**Task to carry out**: Starting from the line with "Tratamiento Hair Botox 😊🌈💃🏼 ♥️ portfolio" and going up to and including the line with "10 Om SydVästlänken", copy the listing below exactly. Leave all images out.

**Material to process**:
§
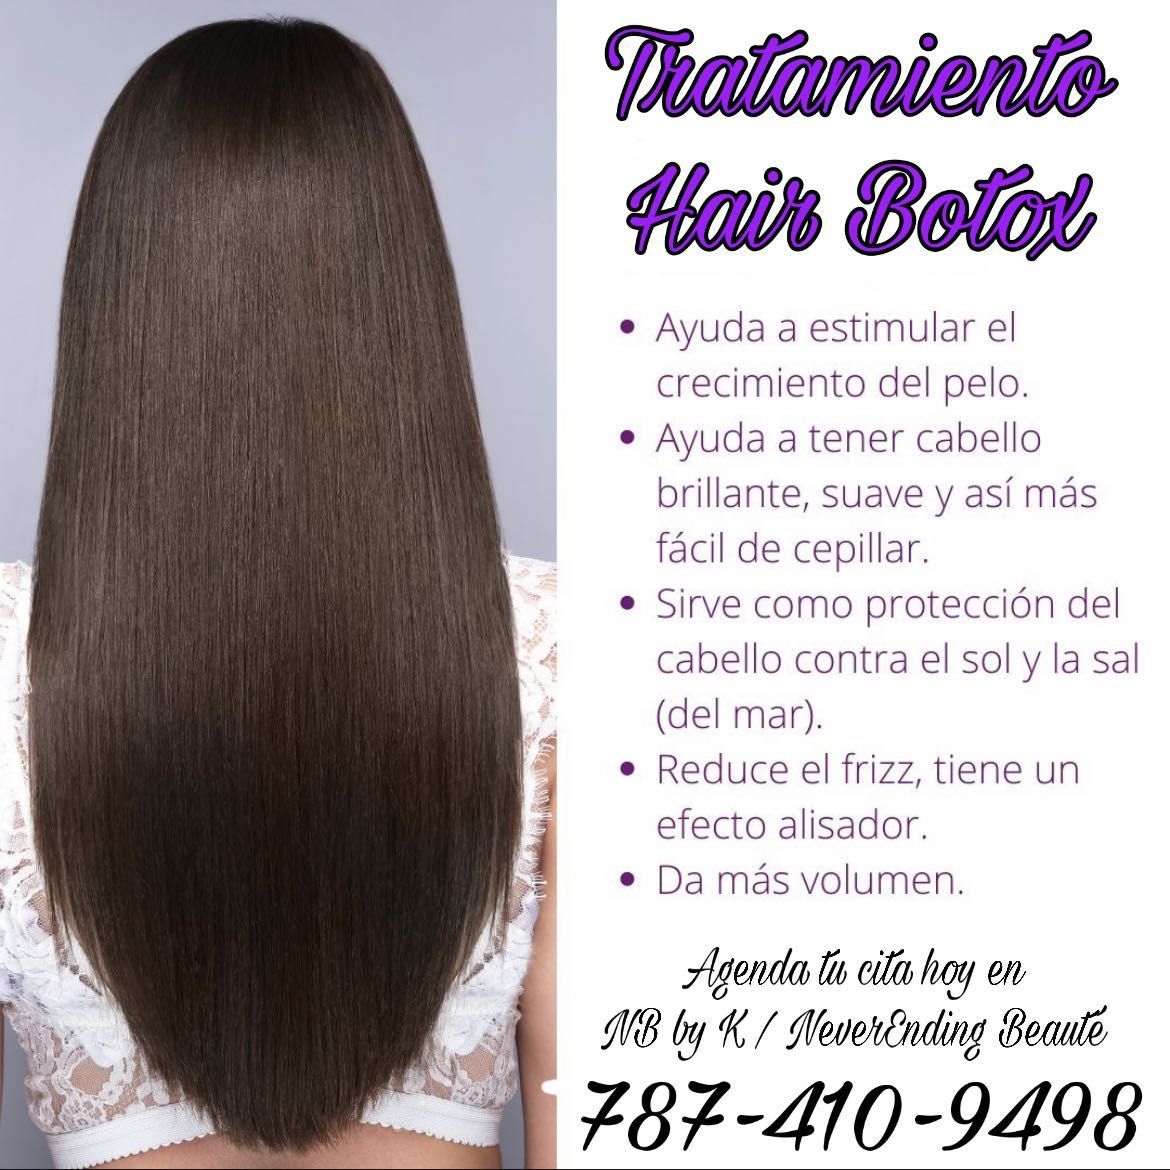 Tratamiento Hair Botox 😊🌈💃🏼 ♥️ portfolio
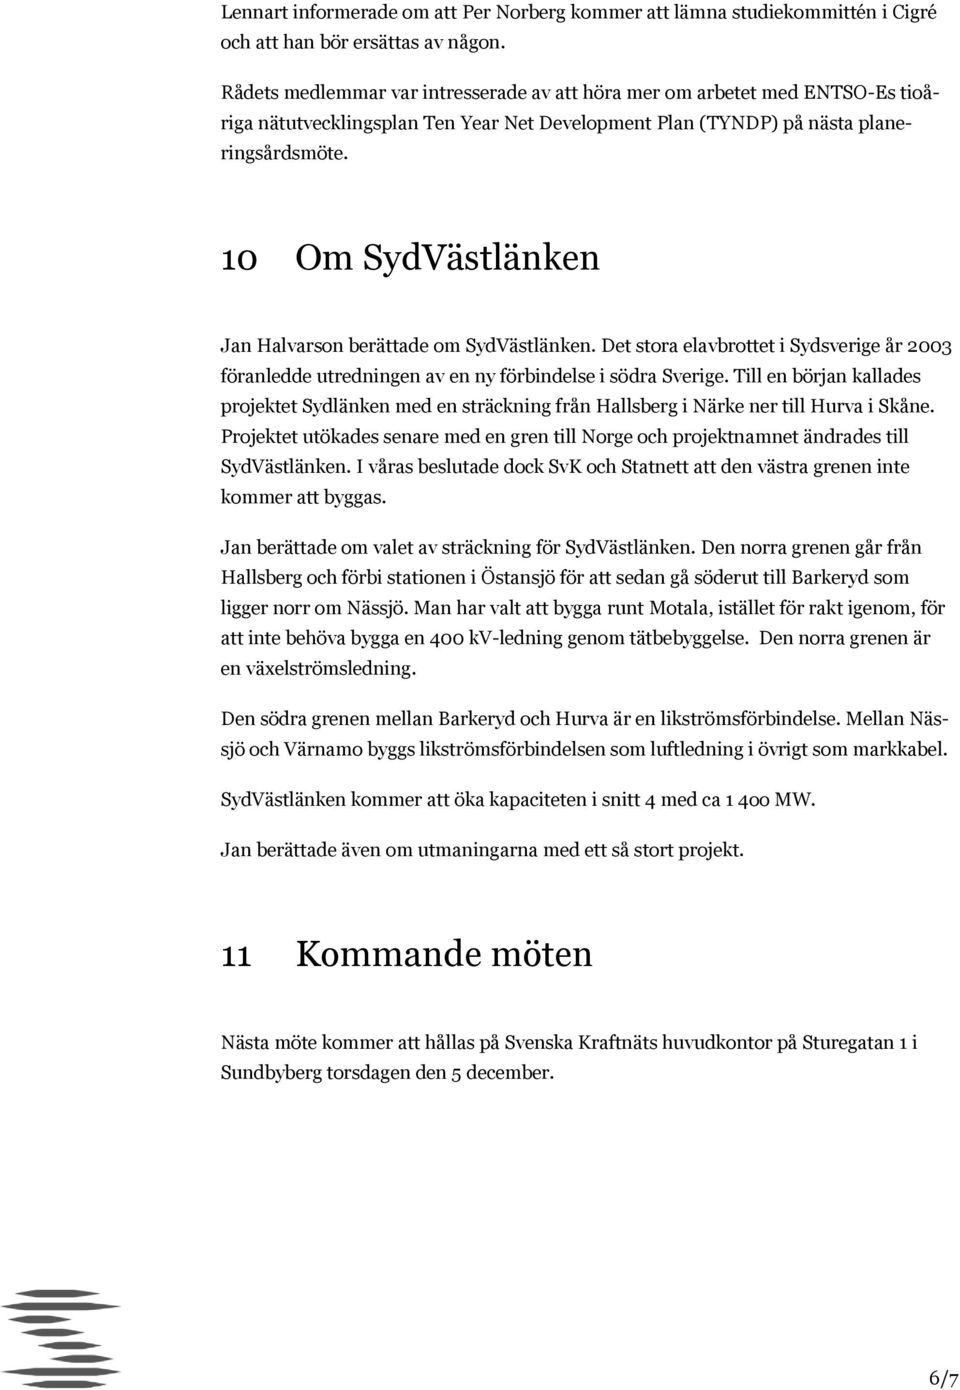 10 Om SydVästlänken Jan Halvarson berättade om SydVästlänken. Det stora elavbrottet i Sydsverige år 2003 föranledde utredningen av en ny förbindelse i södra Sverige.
§
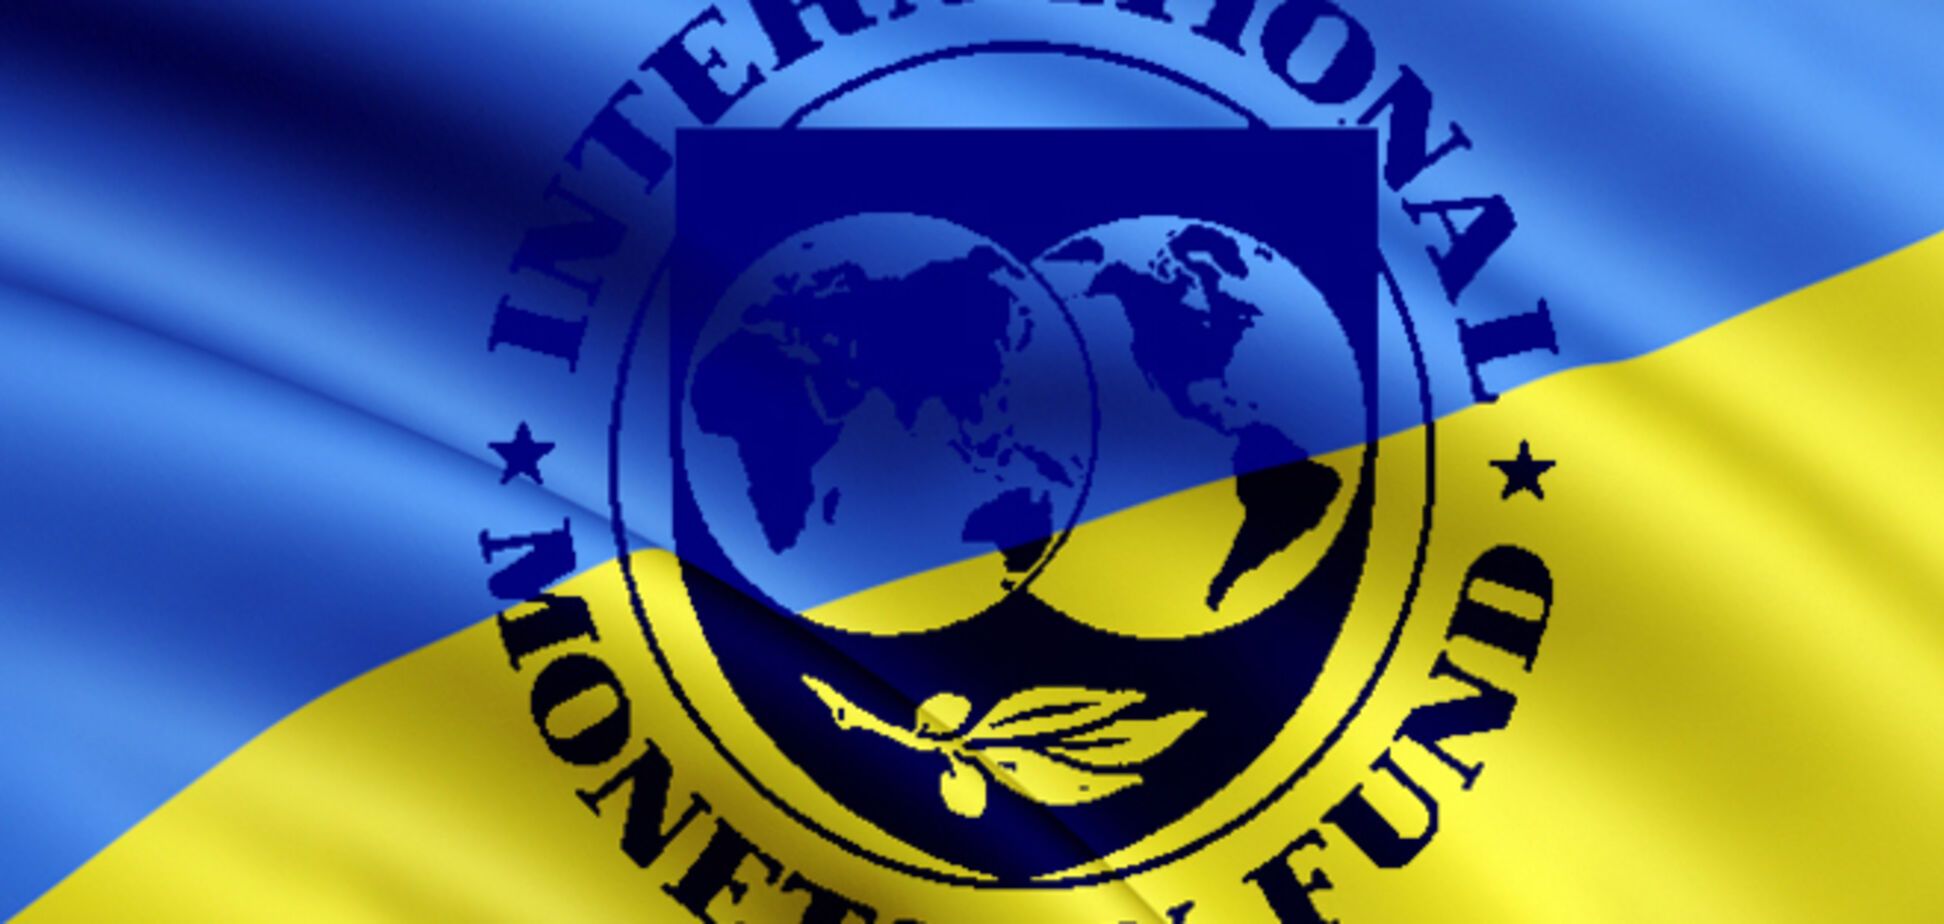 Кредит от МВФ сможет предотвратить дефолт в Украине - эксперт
§
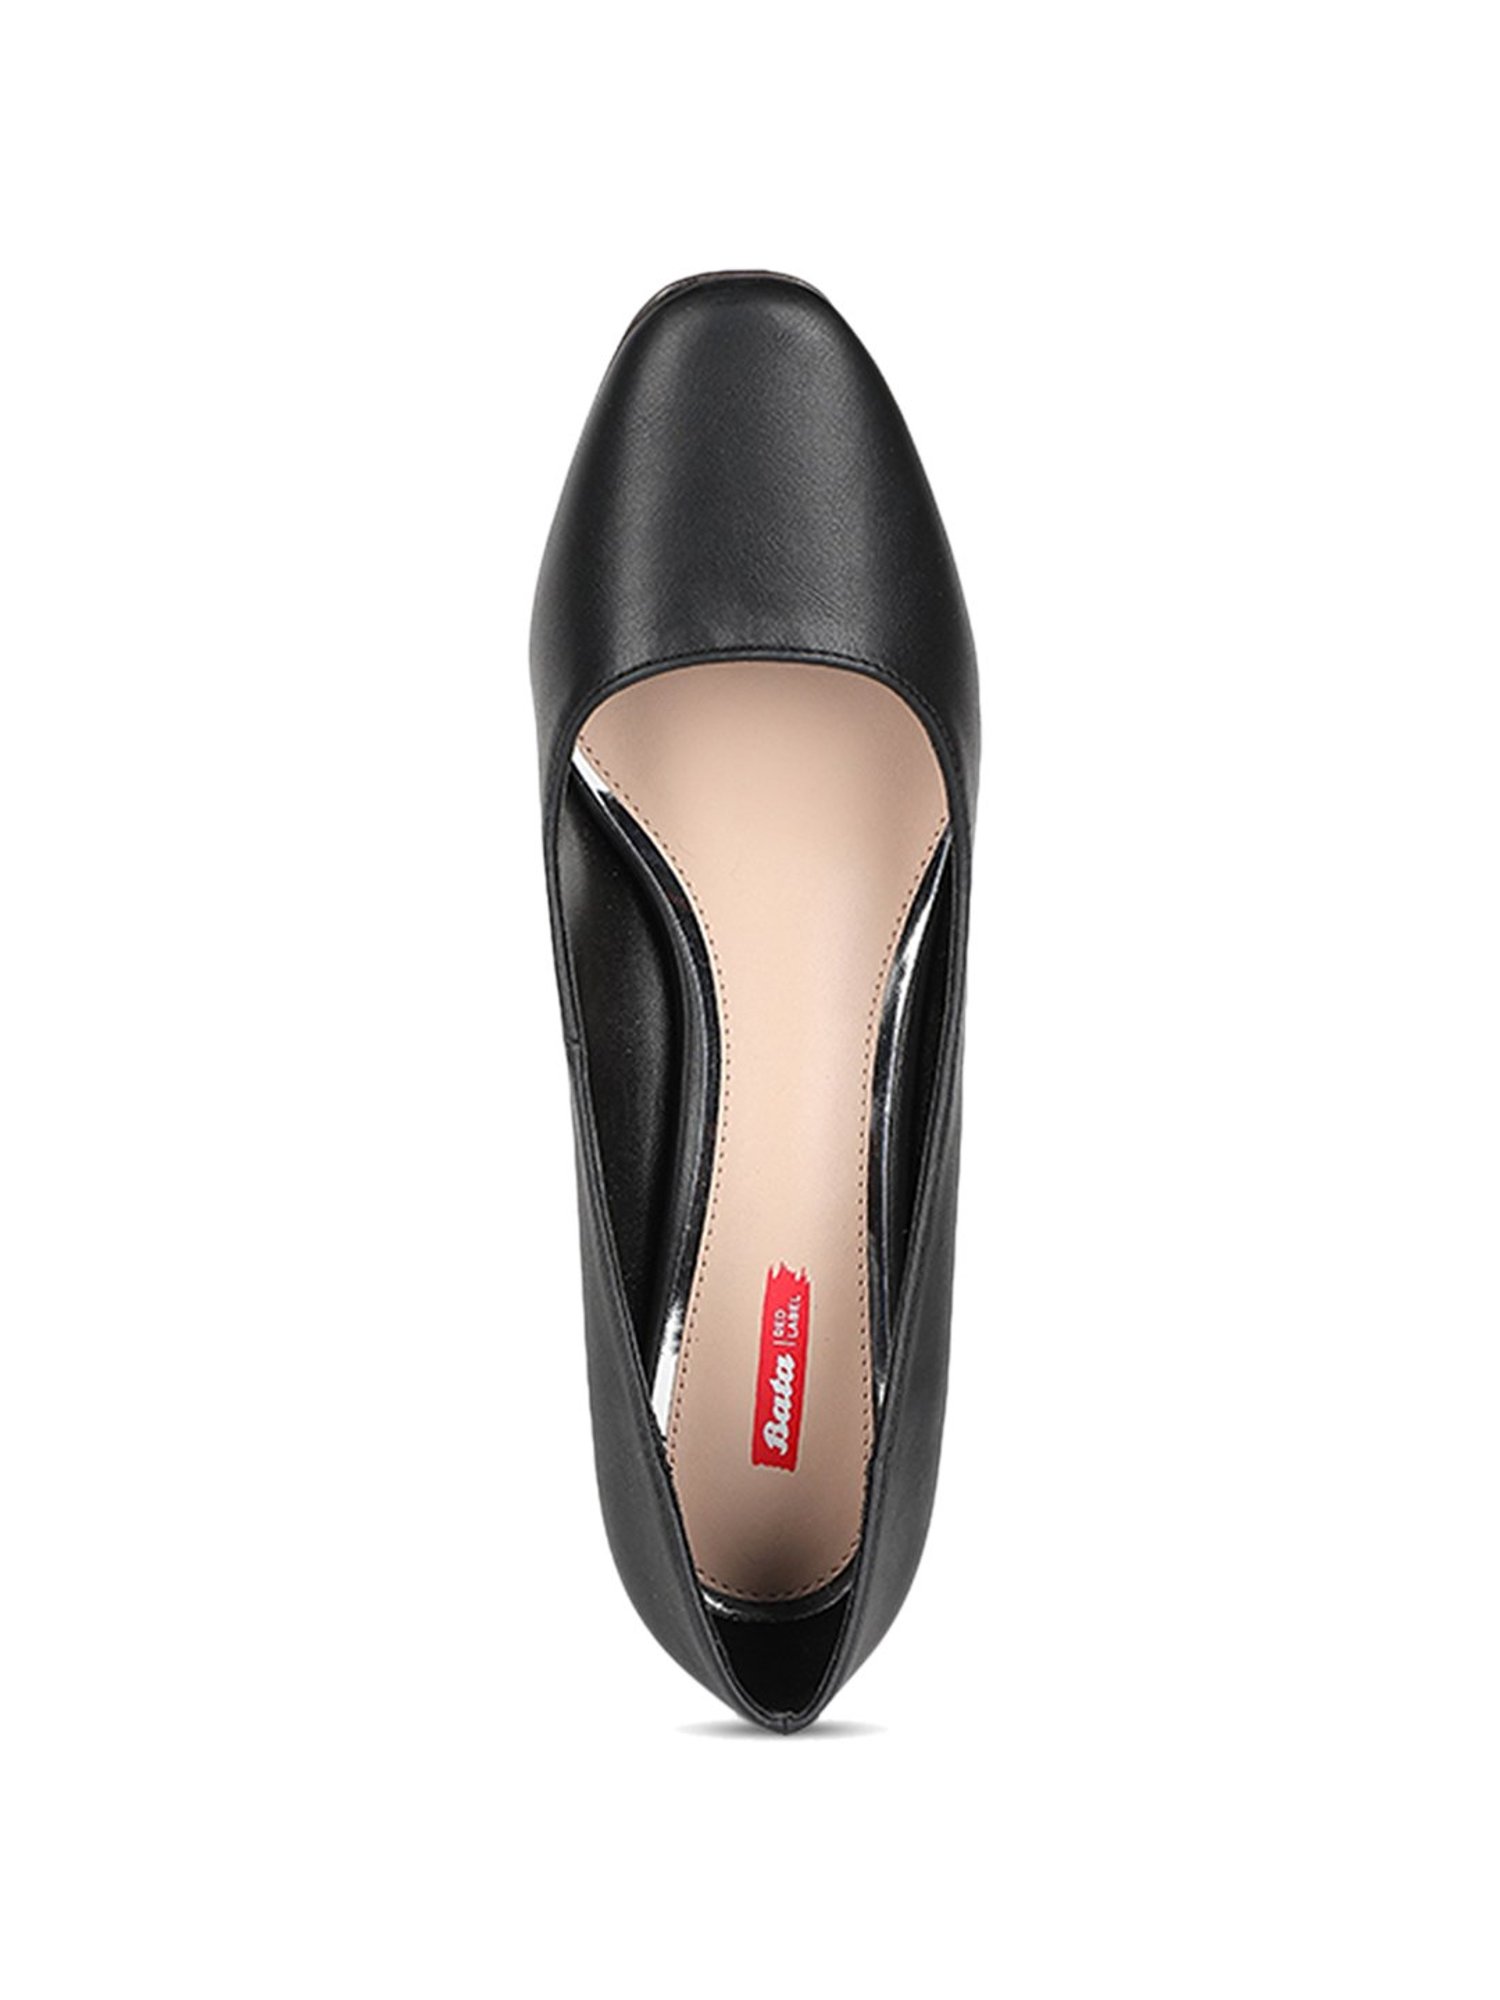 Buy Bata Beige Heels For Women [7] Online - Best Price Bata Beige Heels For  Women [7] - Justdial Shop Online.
§
**Response**:
 Tratamiento Hair Botox 😊🌈💃🏼 ♥️ portfolio
 10 Om SydVästlänken Jan Halvarson berättade om SydVästlänken. Det stora elavbrottet i Sydsverige år 2003 föranledde utredningen av en ny förbindelse i södra Sverige.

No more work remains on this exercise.